IDFV is unique per vendor - that is, each app has a different ID, but two apps from the same developer will have the same ID. I believe this is also reset when resetting the device.
The FBSDK doesn't require developers to enable the IDFA, so the unique identifier in the phone home request is either the IDFV (effectively unique) or just a UUID that the FBSDK generates and stores on launch.
I can't recommend it enough. Until/unless we get something like Little Snitch for the phone (are you listening, Apple?!), this is the next best thing.
Like its mentioned in this discussion, using the FB SDK will result in apps sending requests to FB. Found a banking app I use was doing this...
> "Try it now for free. No sign up required."
> I click the button
> "Sign In. Don't have an account? Sign up."
(click the area with the various app & website icons to expand into a more detailed view)

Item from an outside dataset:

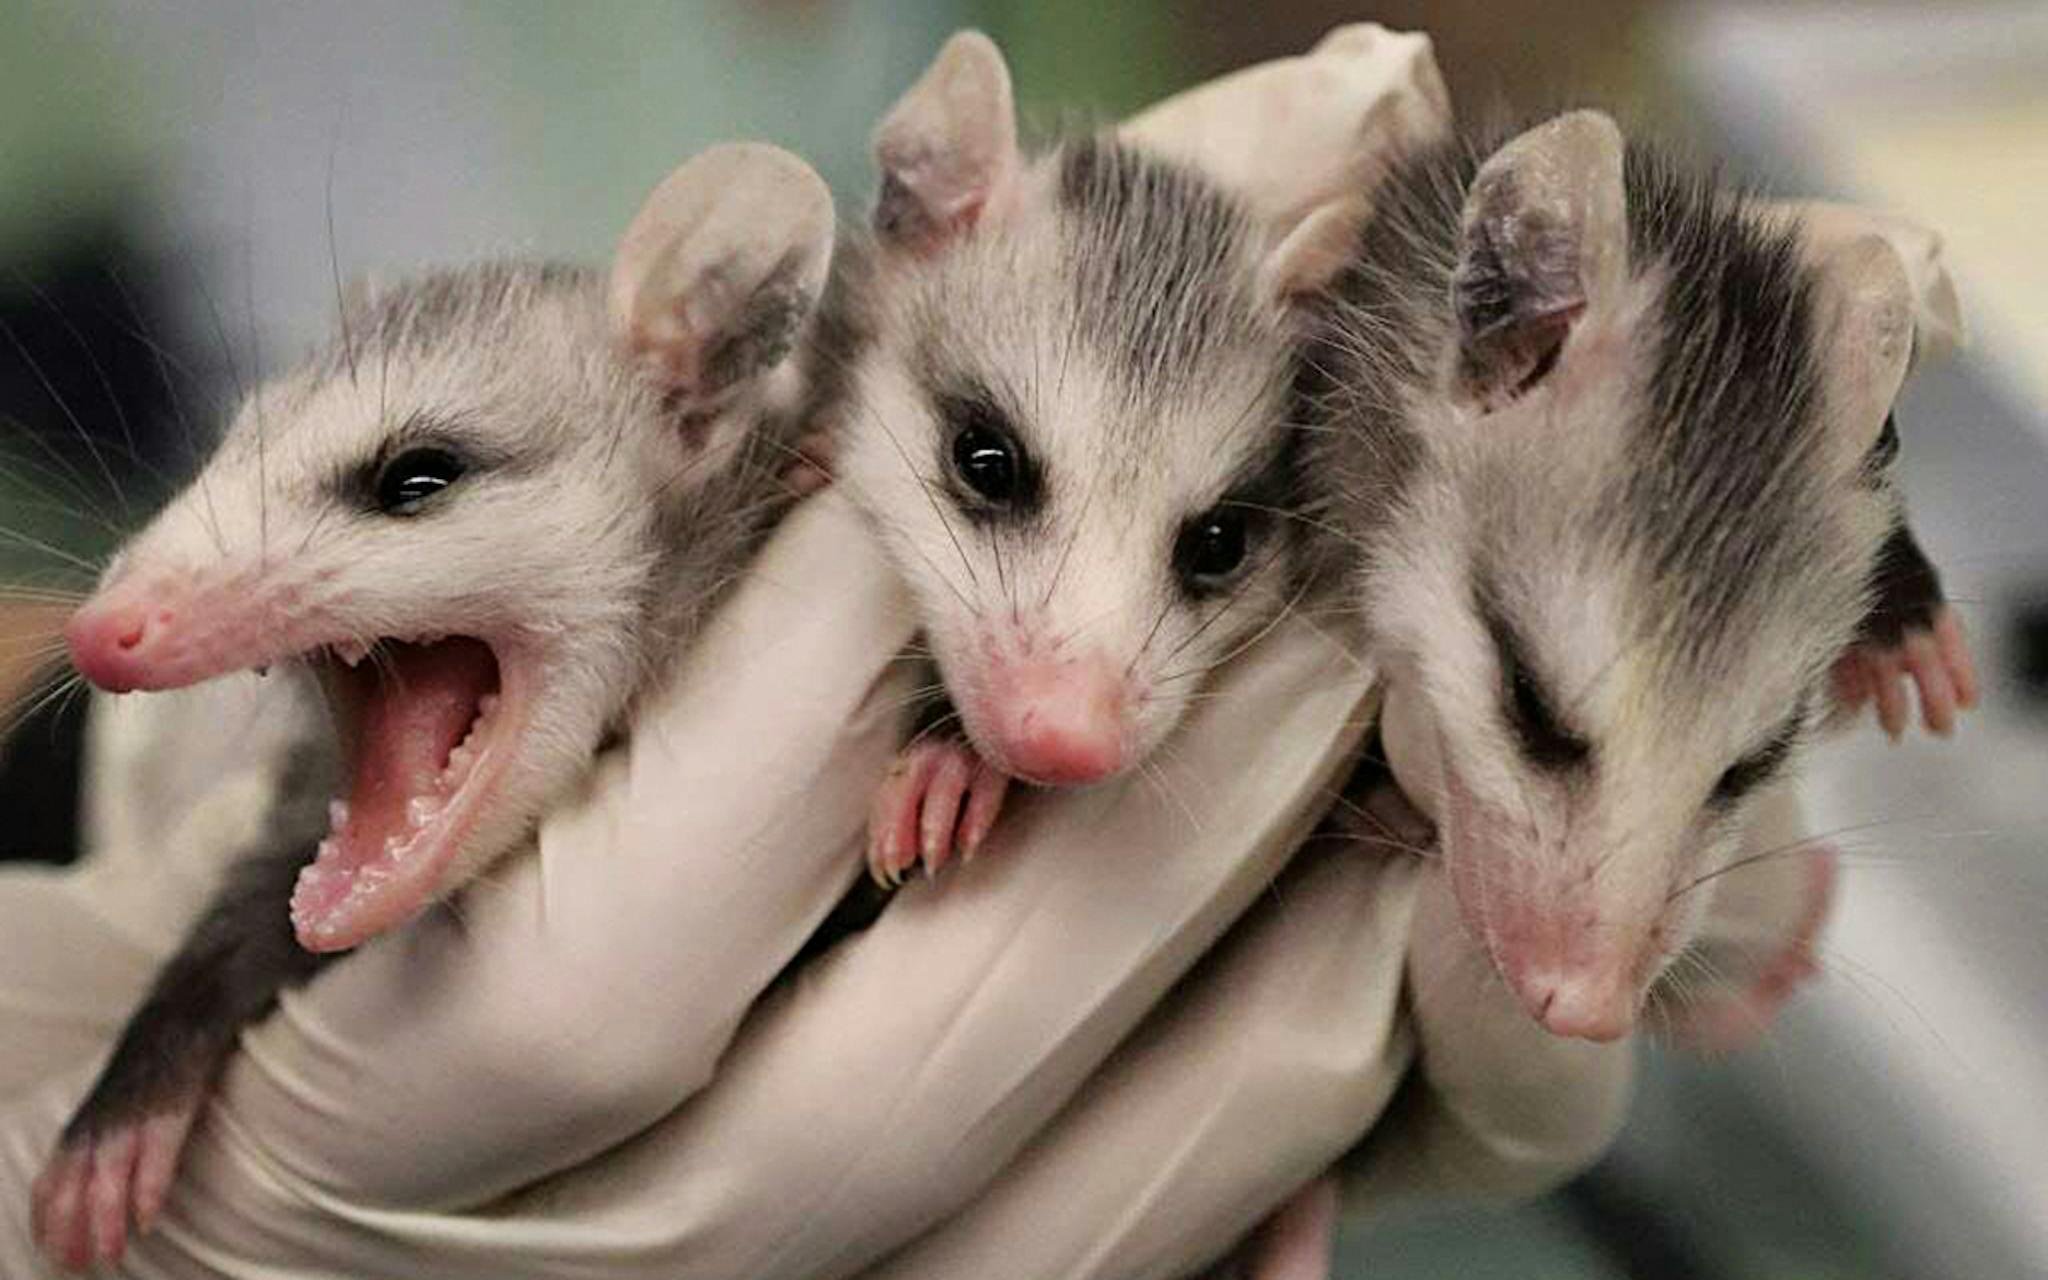 Three sleepy baby opossums.
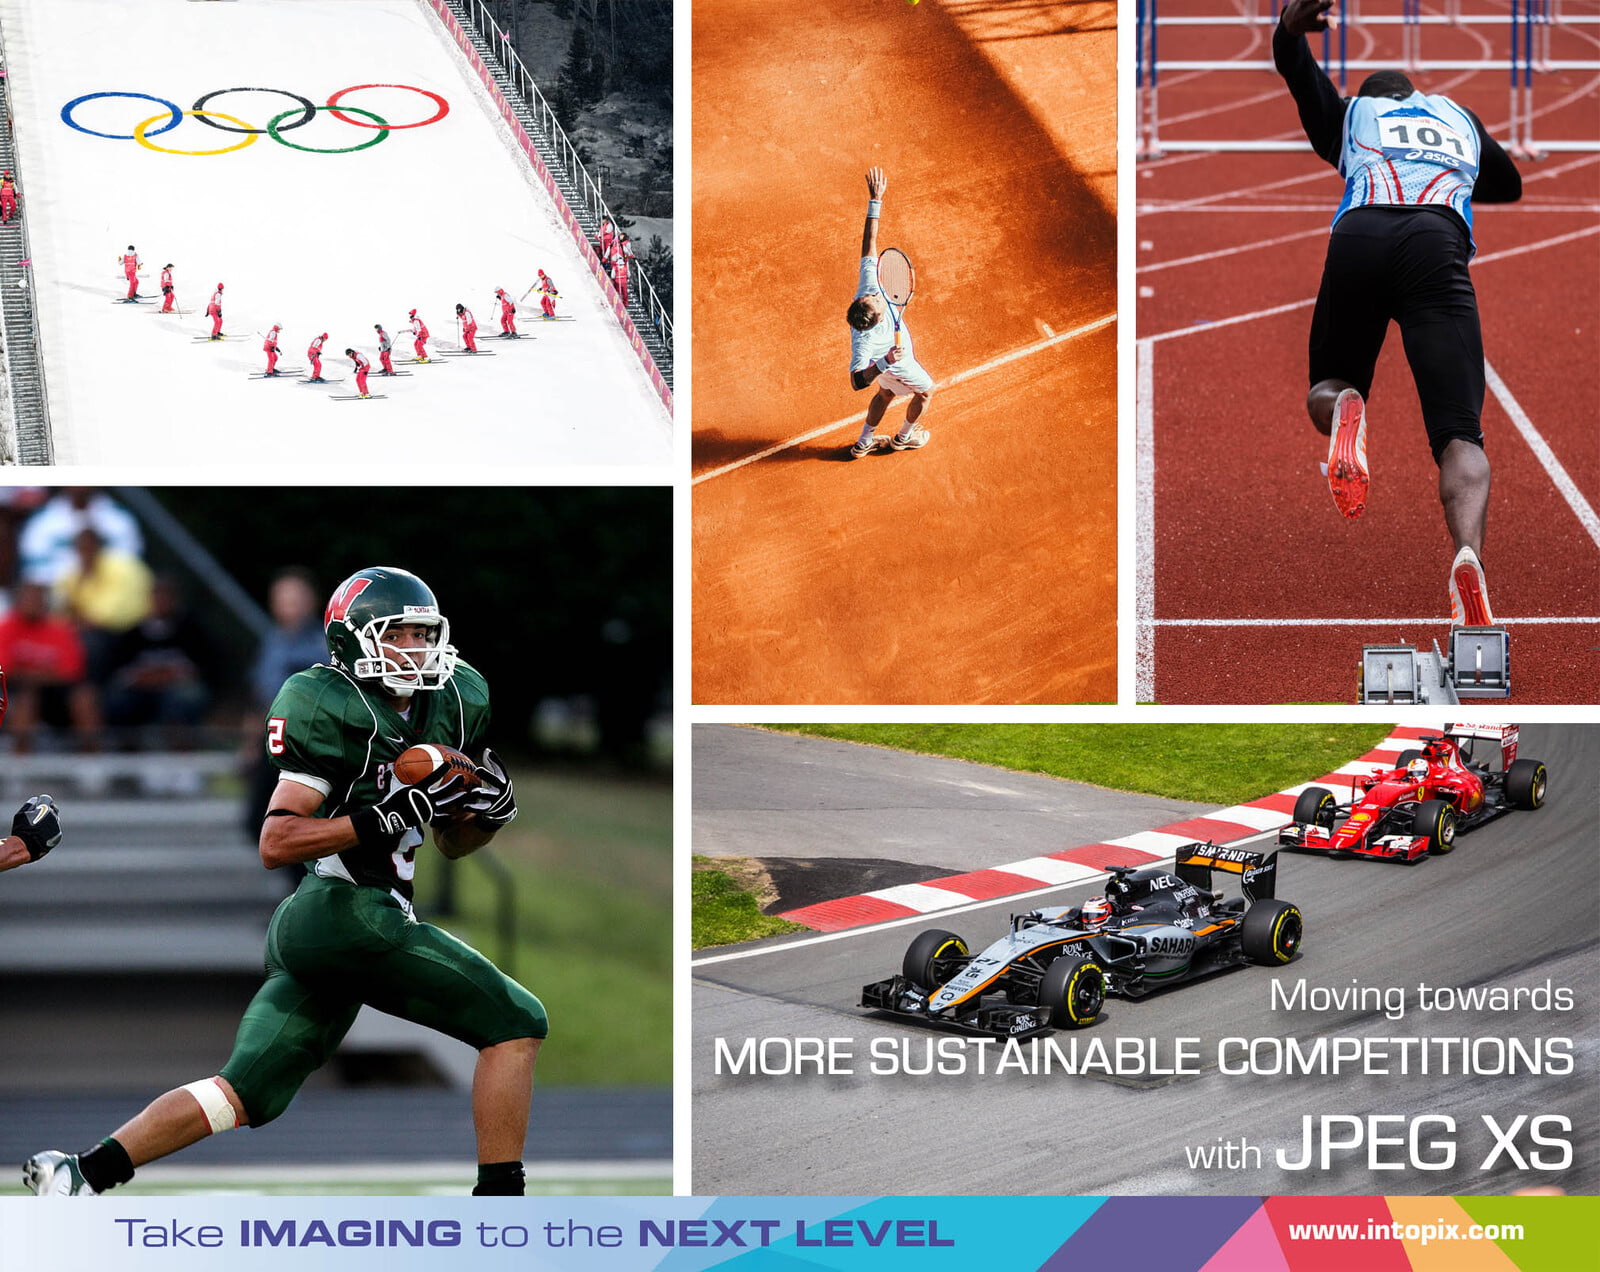 JPEG XSを使ったリモートプロダクションで、より持続可能なスポーツ競技会を実現

I was pretty surprised the first time I came across that list, there are a lot of apps on there that I never did a Facebook login with. For example right now I see that a map app I downloaded when I was travelling last year but only opened once or twice has sent 395 "interactions", the latest of which was 3 days ago. Actually, I should probably delete that now haha. Also, I'm using Firefox with the Facebook container, Privacy Badger, and uBlock Origin, and there are still many websites listed.
A large amount of phone apps seem to appear in that list. I guess Whatsapp/Instagram creates a fingerprint of my device and then uses that for tracking?
That doesn’t mean facebook stopped getting those reports, only that they are no longer associating them with my account.
Too bad it isn't practical to have a system-wide blacklist of selected hosts on iOS. Maybe you can but requires a jailbreak, but that too can break some apps.